The president, presumably, was aware that swing voters might hear this. Most of them voted for him anyway. Those who didn’t might have been convinced by Mitt Romney, elsewhere in Ohio, saying that “the status quo path says that we’re going to have Obamacare, that we’re going to have bureaucrats telling you what kind of health care you can have,” then promising “we’re going to get government out of it and restore the freedom that you’ve always had in choosing your health care choice.”

A bored person with access to Google can find hundreds more quotes like that, but why bother? Cost and DeMint argued that the election wasn’t just about Obamacare, and it wasn’t. What’s more important, according to Cost, is that “the exit polls showed a plurality of voters opposing the president’s health care law.” True: According to the exit poll, 49 percent of voters wanted to repeal the Affordable Care Act, and 44 percent wanted to keep it. When the pollsters dug further, 26 percent wanted the law “expanded” and 25 percent wanted it completely repealed. It’s a divisive law.

Just not as divisive as it used to be. The 2010 exit poll found that 48 percent of voters wanted Obamacare repealed, and 31 percent wanted it expanded. The electorate that re-elected Obama, less white and more liberal, was readier to keep the law.

That’s why the GOP is talking so much about 2014. When the House passed the doomed continuing resolution that defunded Obamacare, Majority Leader Eric Cantor made an extraordinary speech naming Senate Democrats from red states who’d have to take a tough vote. Those Democrats, from Alaska, Arkansas, Louisiana, and North Carolina, ended up voting to restore Obamacare funding. Republicans have responded by repeating their names again. “You go to Louisiana, you got to Alaska, you got to these states that are overly opposing it, where these senators have some very difficult races,” said Majority Whip Kevin McCarthy on Sunday. “I think they’re going to have to be pressuring their leaders to say, let us have that vote.”

They’re not. “The Affordable Care has been passed by Congress, upheld by the Supreme Court,” said Louisiana Sen.
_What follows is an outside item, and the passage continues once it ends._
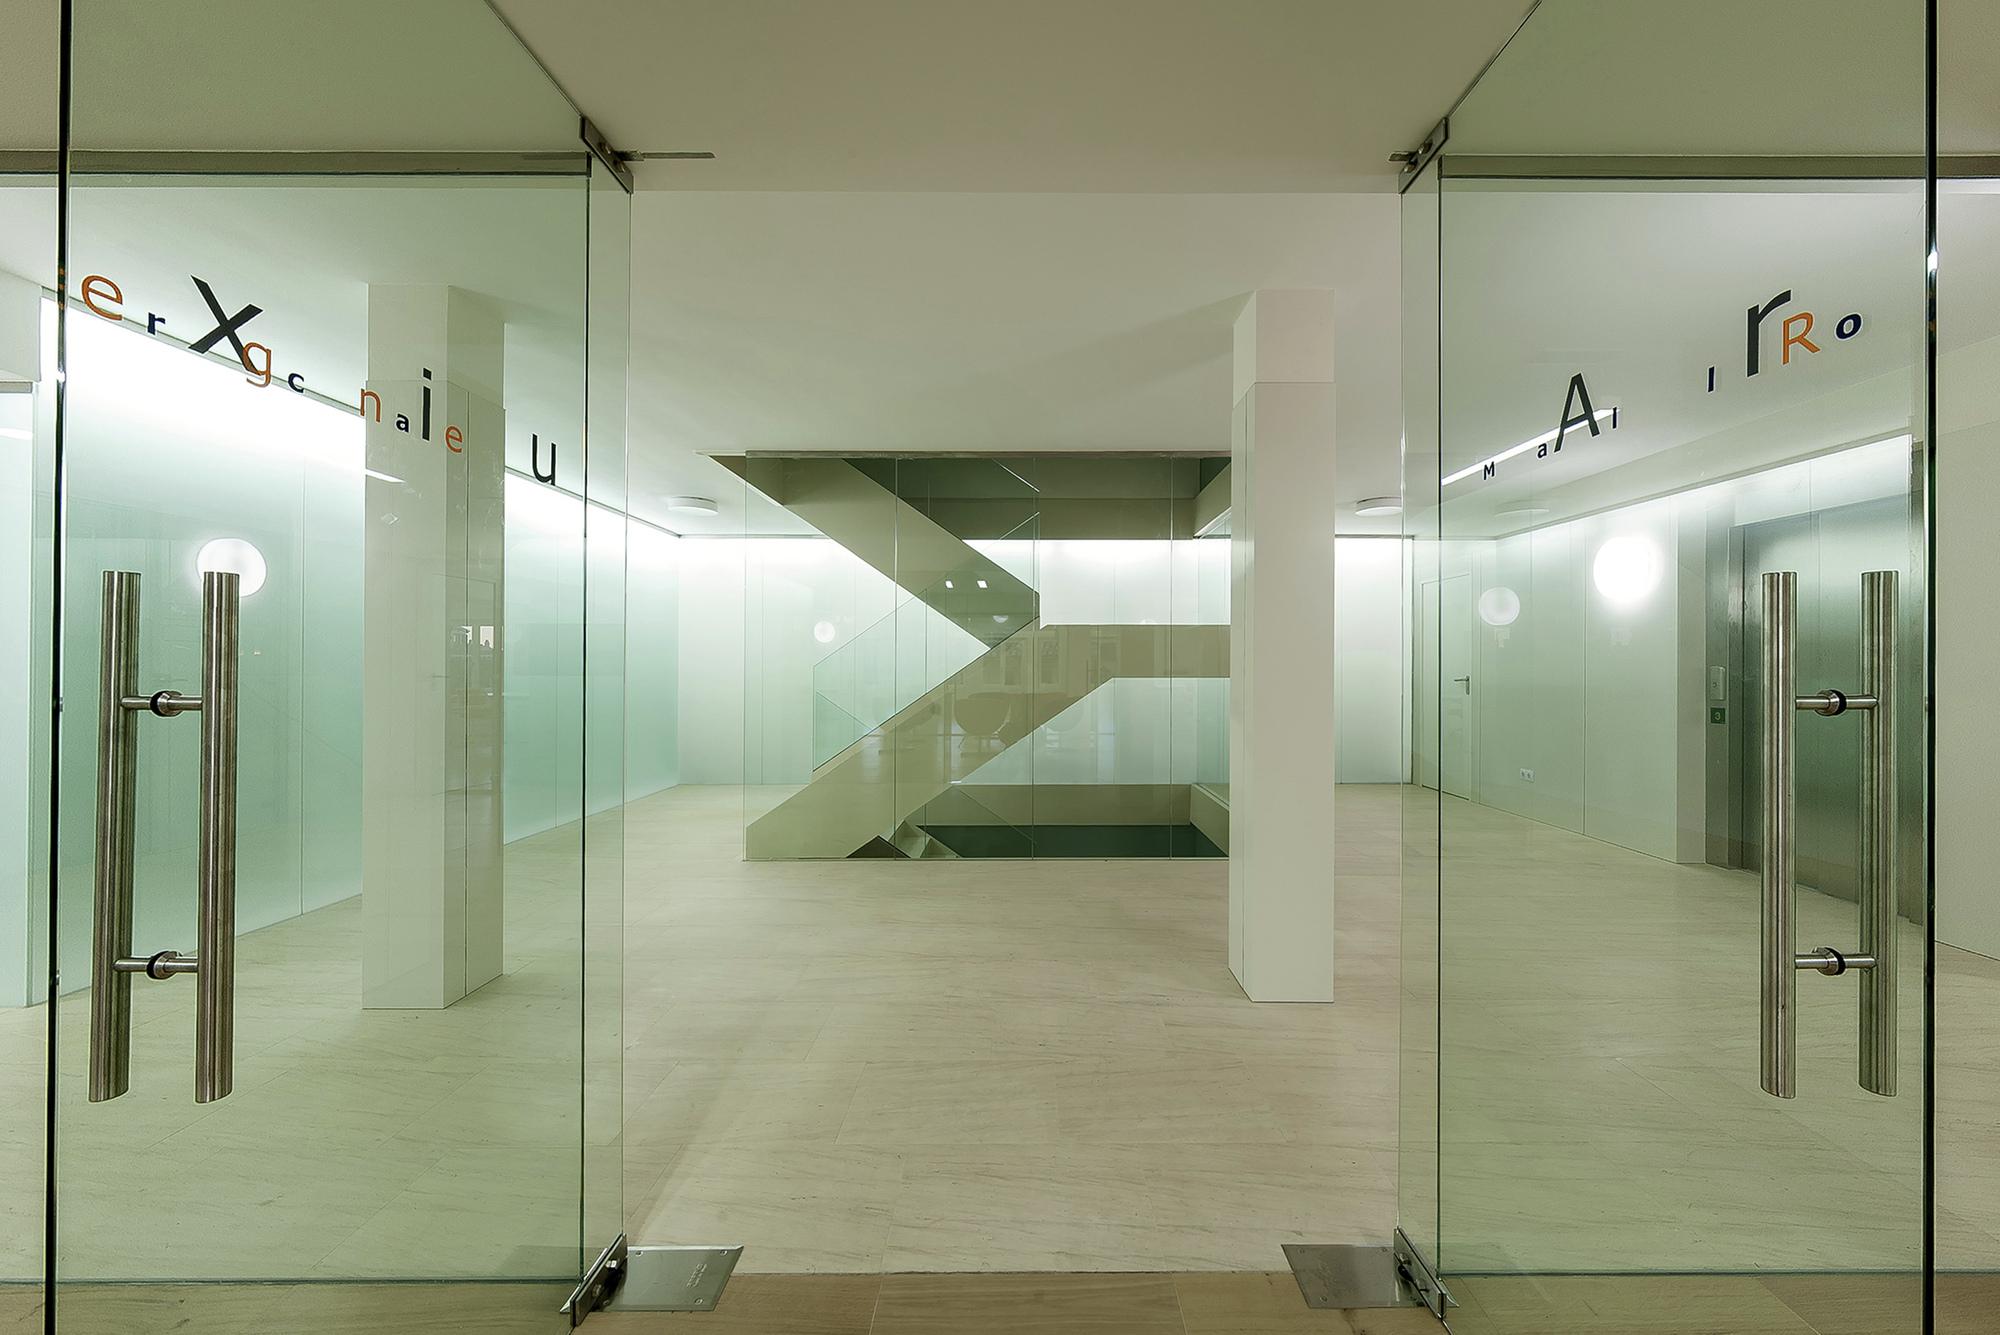 Galeria de os arquivos do reino de mallorca estudio de - Estudio arquitectura mallorca ...

Mary Landrieu last week, after voting to restore the funds. “We need to get working, implementing it, so that every mother, every father, every small business, every small child can have access to quality health care.”

But the point isn’t really that Landrieu or another Democrat will buckle now. The point is that 2014 gives Republicans a more favorable map, with Senate races in states that went more heavily for Romney than the rest of the country. Finally, by ejecting some Democrats in lower-turnout elections, the Senate might get “closer to the people.”